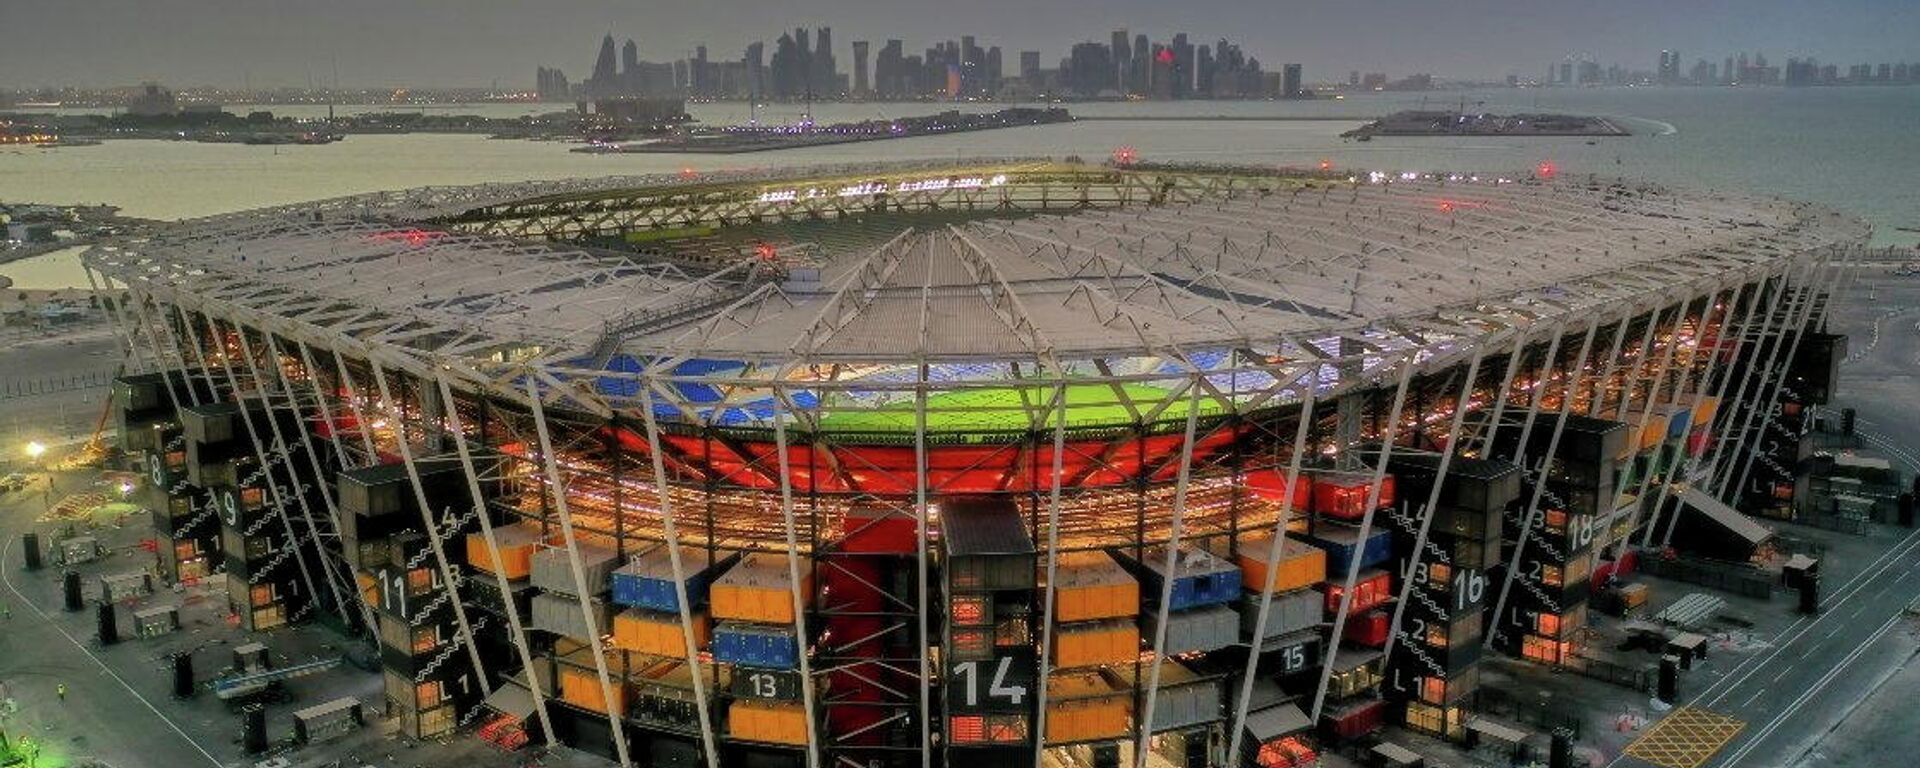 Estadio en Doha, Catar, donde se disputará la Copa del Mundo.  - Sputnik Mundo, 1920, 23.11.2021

--

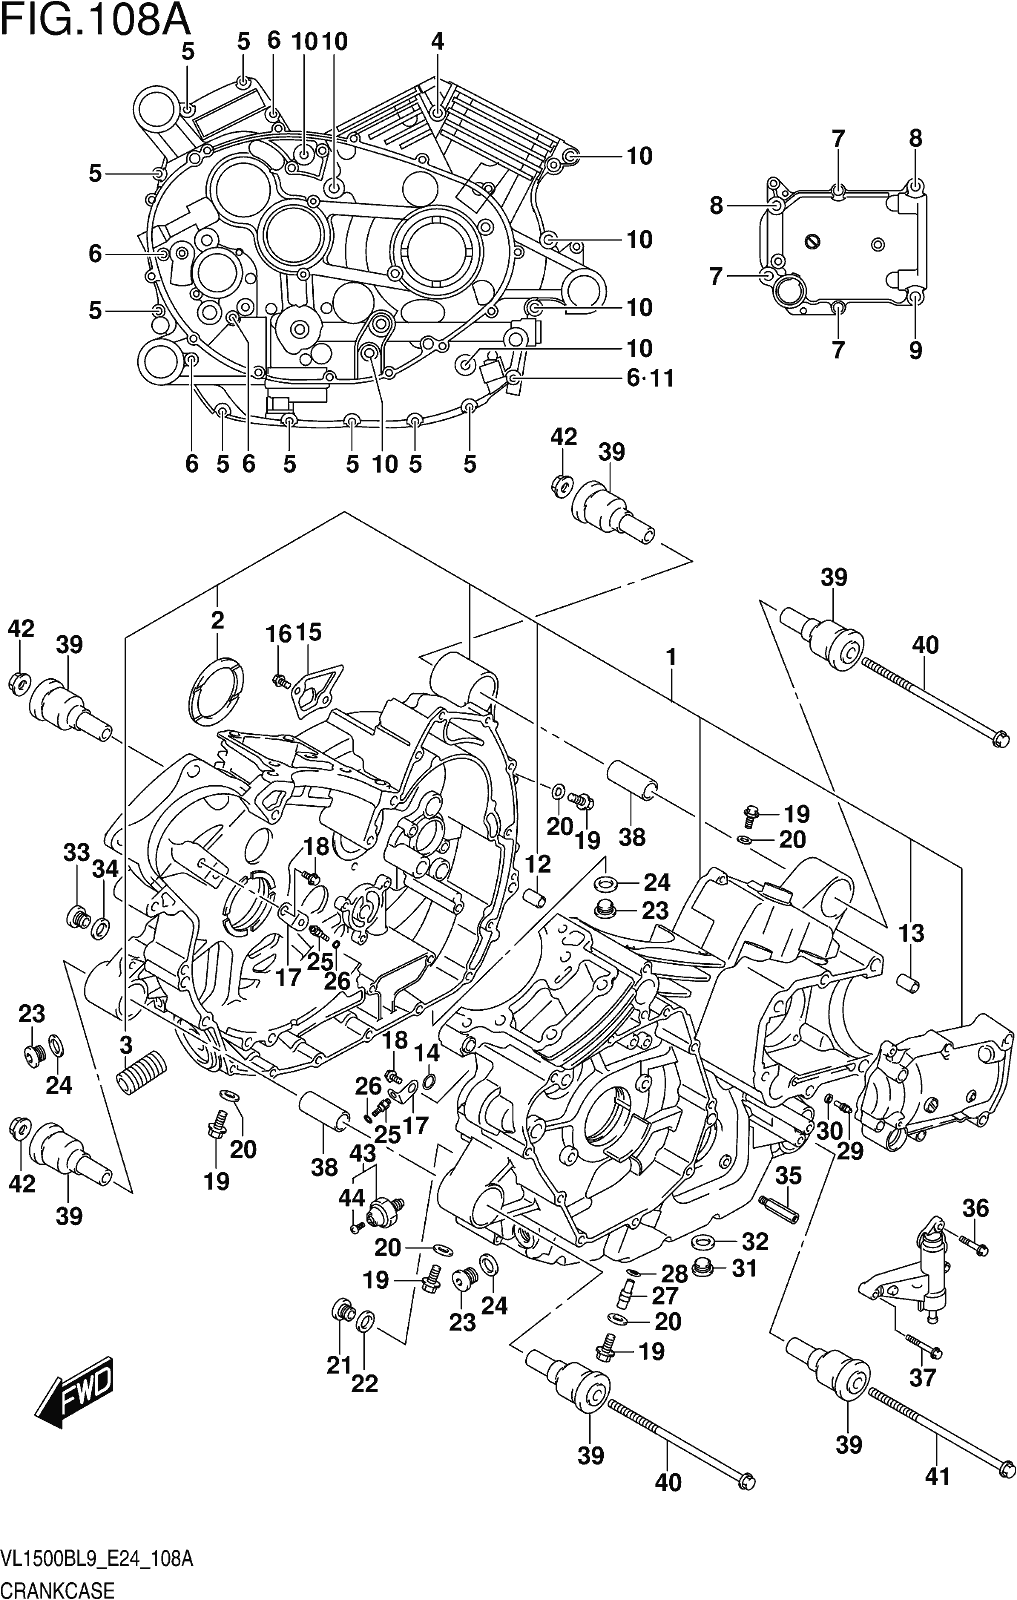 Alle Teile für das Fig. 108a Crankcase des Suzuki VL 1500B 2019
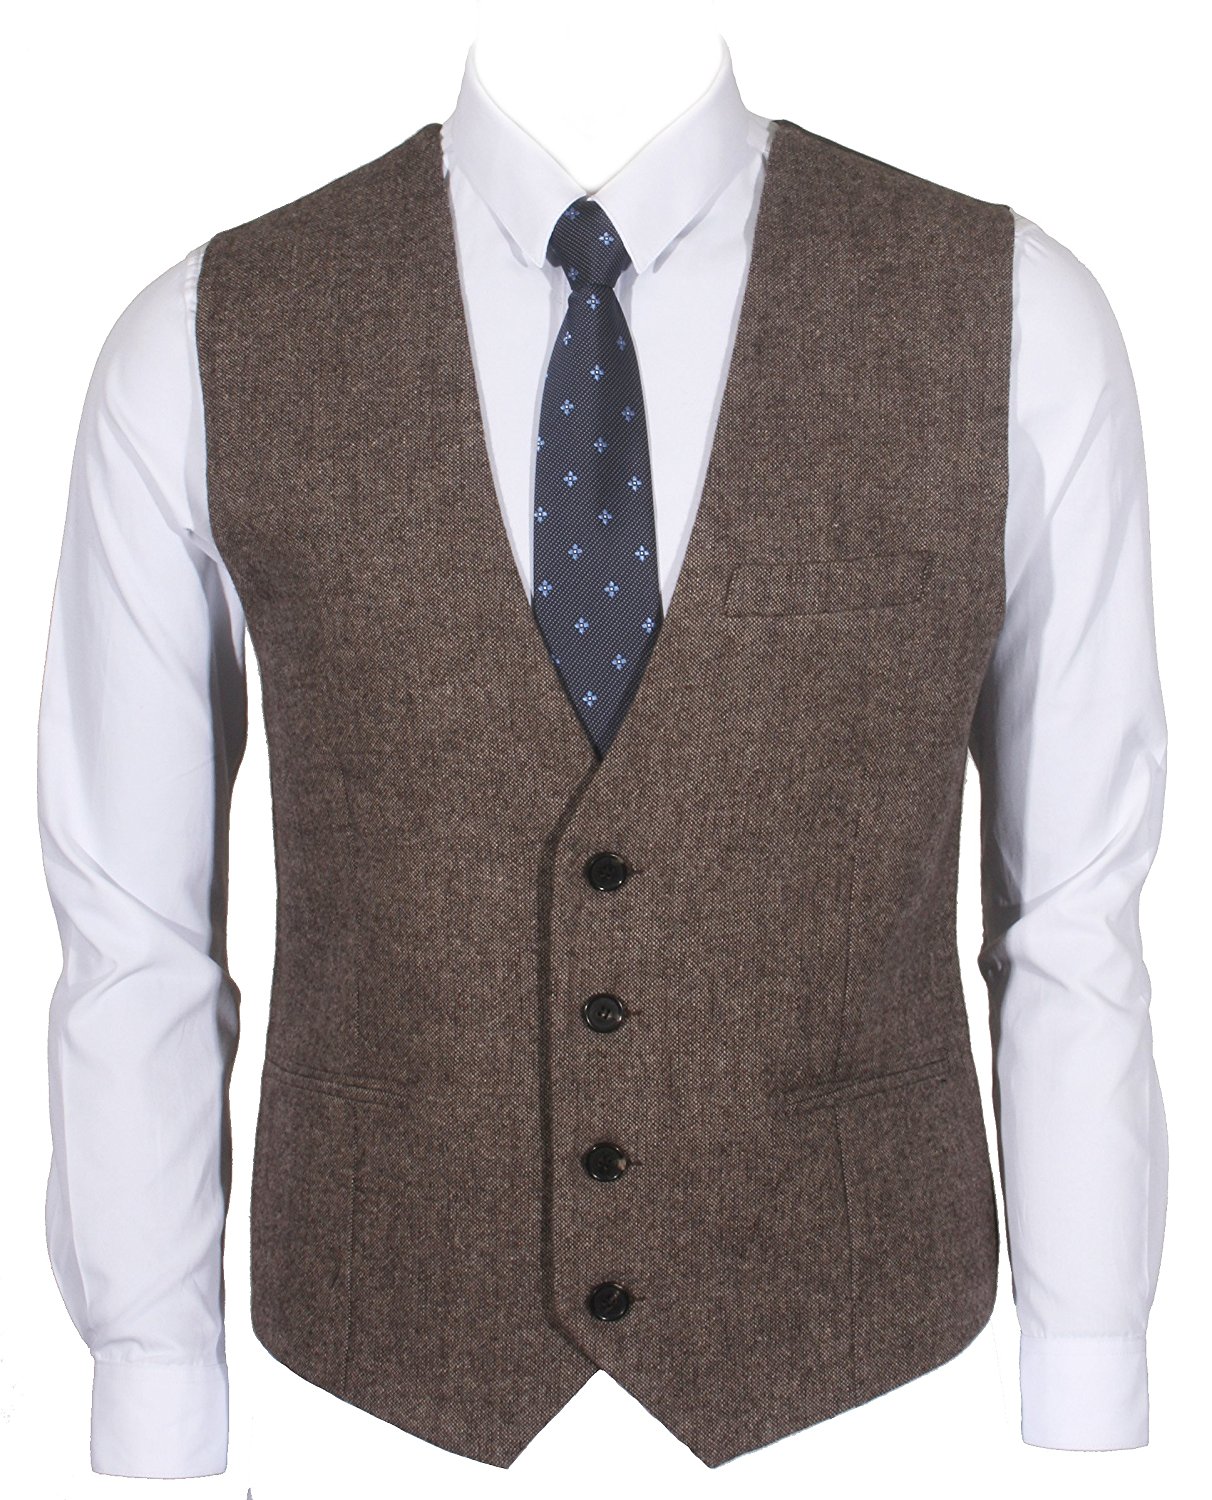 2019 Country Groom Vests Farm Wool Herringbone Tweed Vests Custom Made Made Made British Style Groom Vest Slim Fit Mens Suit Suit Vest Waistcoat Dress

• [Work to complete]: The reply should hold the entries above from the line with "Alle Teile für" to the line with "2019 Country Groom", duplicated exactly, pictures excluded.

• [Exercise solution]:
 Alle Teile für das Fig. 108a Crankcase des Suzuki VL 1500B 2019
 2019 Country Groom Vests Farm Wool Herringbone Tweed Vests Custom Made Made Made British Style Groom Vest Slim Fit Mens Suit Suit Vest Waistcoat Dress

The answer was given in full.